═══ Information provided ═══

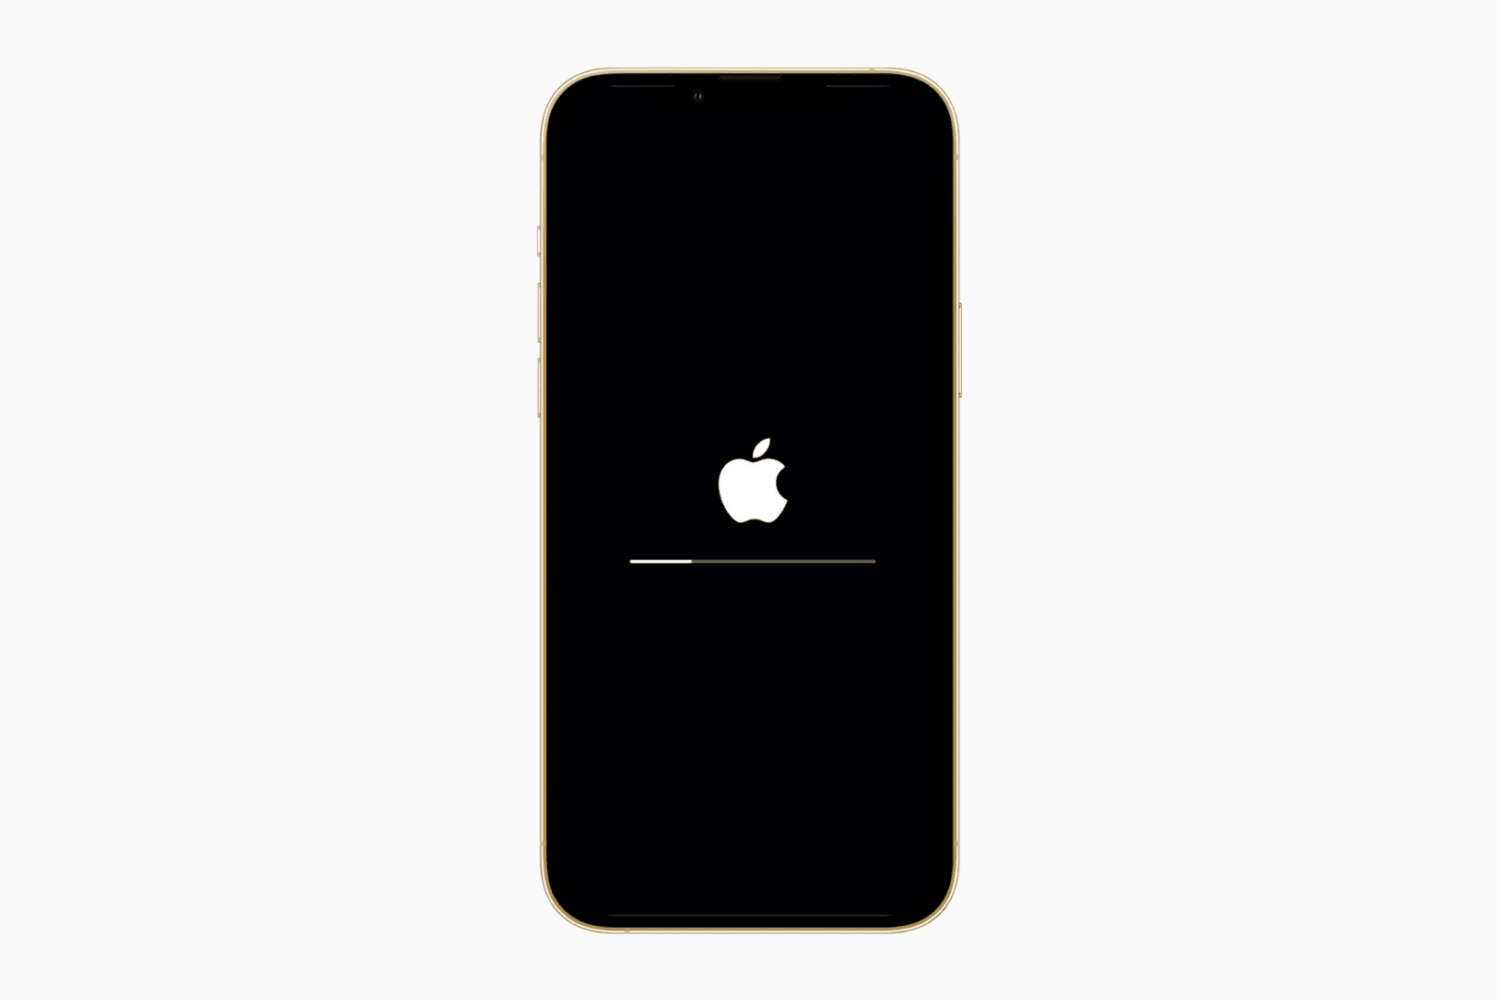 iPhone with white Apple logo and progress bar while erasing it
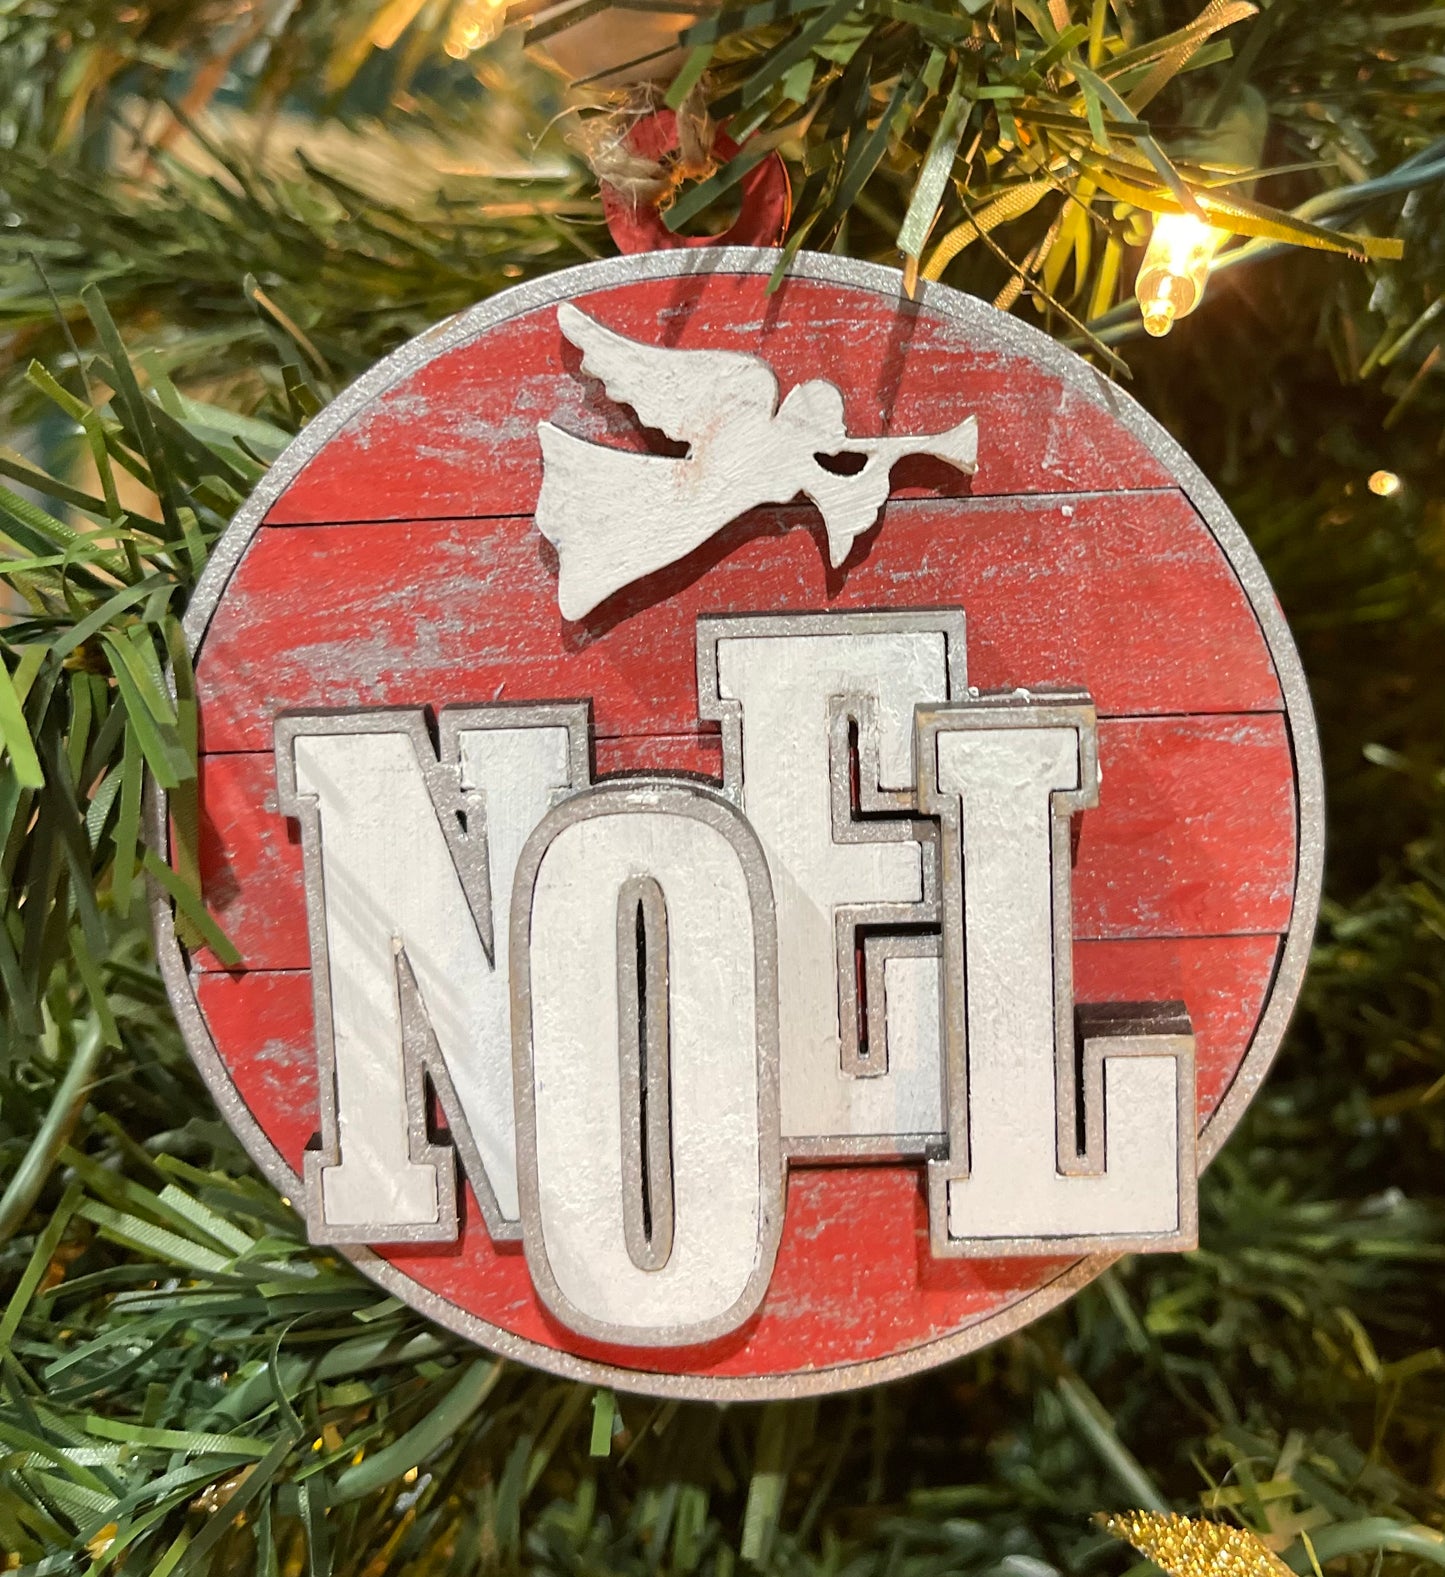 Peace Joy or Noel Ornament
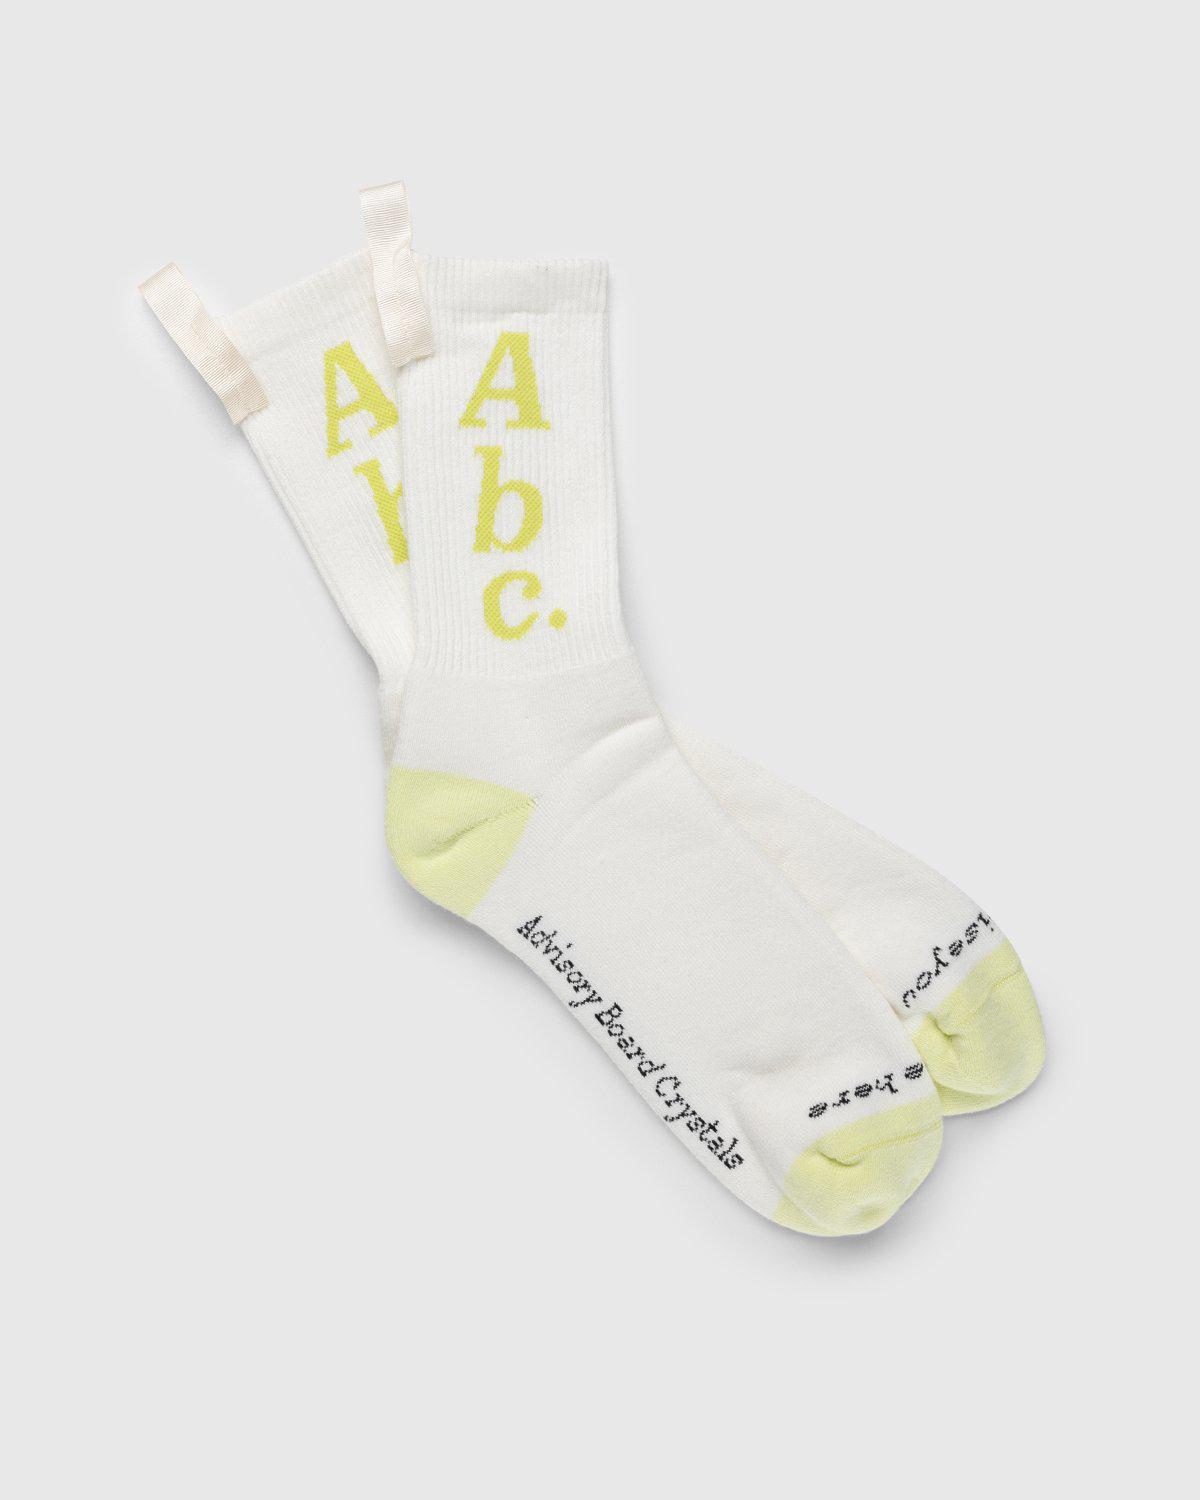 Abc. – Crew Socks Selenite/Sulfur by ABC.

═══

Word for word, write out the full listing, leaving the pictures aside.

Response:
 iPhone with white Apple logo and progress bar while erasing it
 Peace Joy or Noel Ornament
 Abc. – Crew Socks Selenite/Sulfur by ABC.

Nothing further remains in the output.